I'm running Nagios XI 5.4.10 on CentOS 7, 64-bit, manual install, with Mod-Gearman installed from the instructions at https://assets.nagios.com/downloads/nag ... ios_XI.pdf and two workers (Also CentOS 7). This is a clone of my production Nagios XI host, so downtime isn't a concern.

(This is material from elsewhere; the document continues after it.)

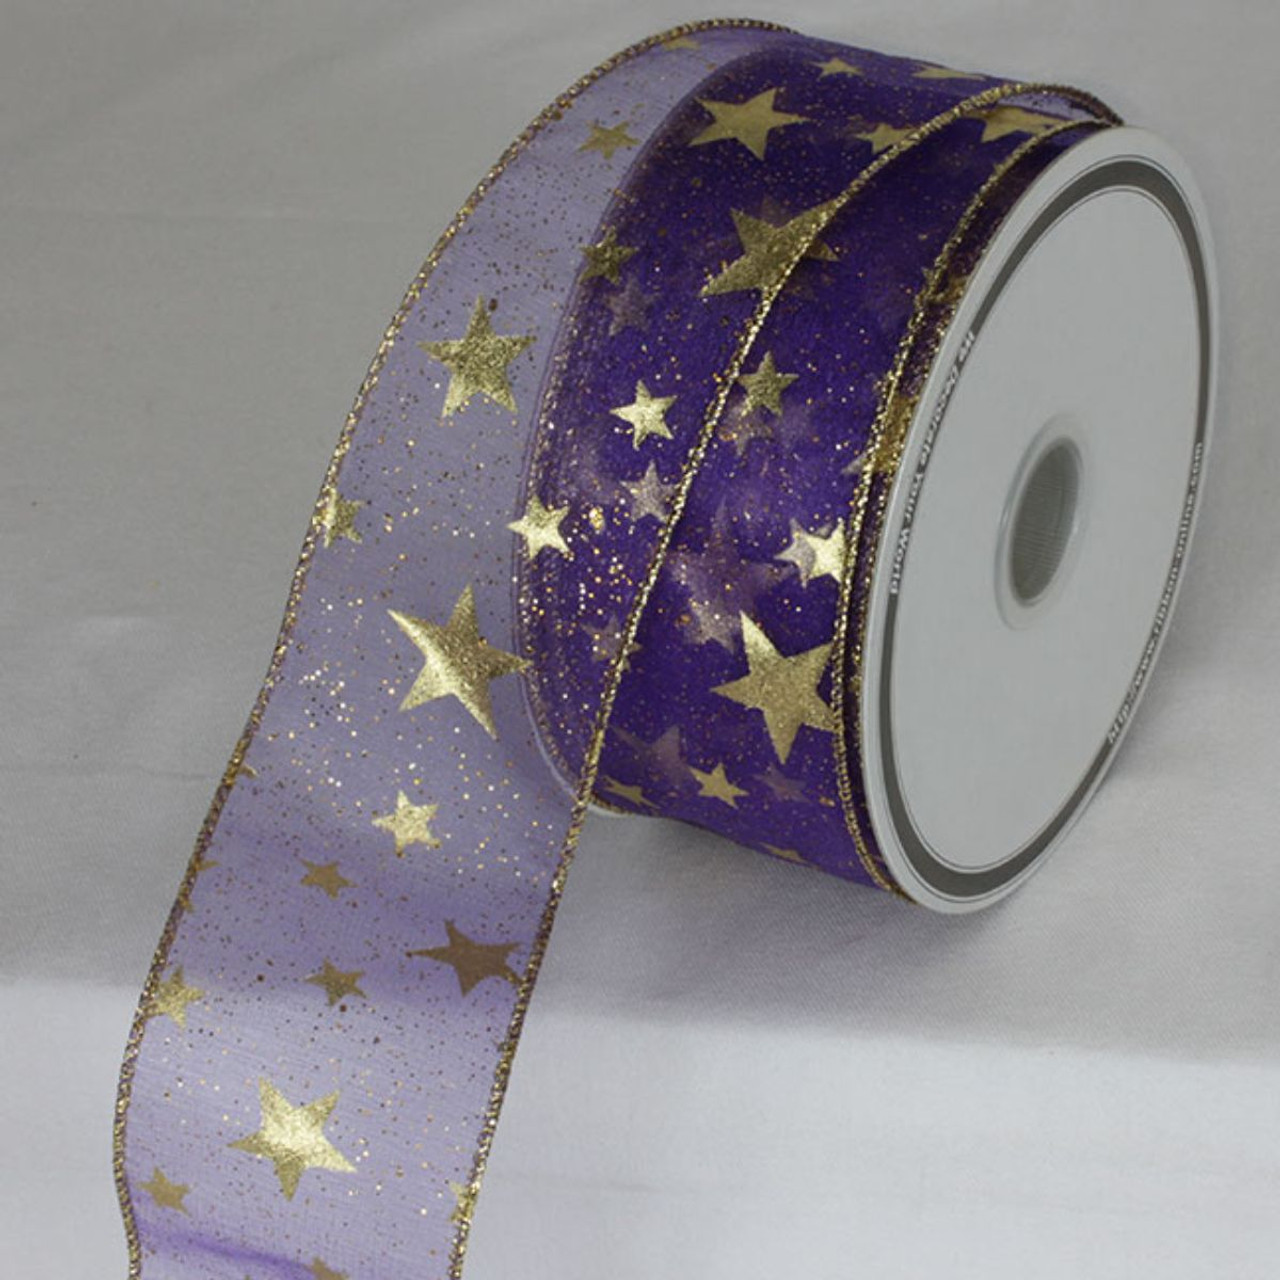 Purple Blue Ribbon for Gift Wrapping 2.5 x 10 Yards 3 Rolls,Wired

The first problem I have is that the performance is abysmal. Checks are going stale by hours. Mod-Gearman seems to work for everyone else, so I'm sure I'm overlooking something.
Code: Select all
2017-11-02 16:13:33 - localhost:4730 - v0.33
Queue Name | Worker Available | Jobs Waiting | Jobs Running
----------------------------------------------------------------------
check_results | 1 | 0 | 0
eventhandler | 27 | 0 | 0
host | 27 | 0 | 3
service | 27 | 0 | 2
worker_den-gearman1 | 1 | 0 | 0
worker_den-gearman2 | 1 | 0 | 0
----------------------------------------------------------------------The other problem I have is executing scripts on the monitored targets with check_by_ssh. Checks using SNMP or check_http (for example) work fine, but checks over SSH return "CRITICAL: Return code of 255 is out of bounds. (worker: den-gearman2)". I exchanged SSH keys between the workers and the monitored hosts, so I can log in as root without a password, but that didn't help. I suspect that either I need to do that for another user, or that I have a problem quoting the command argument.
Thanks!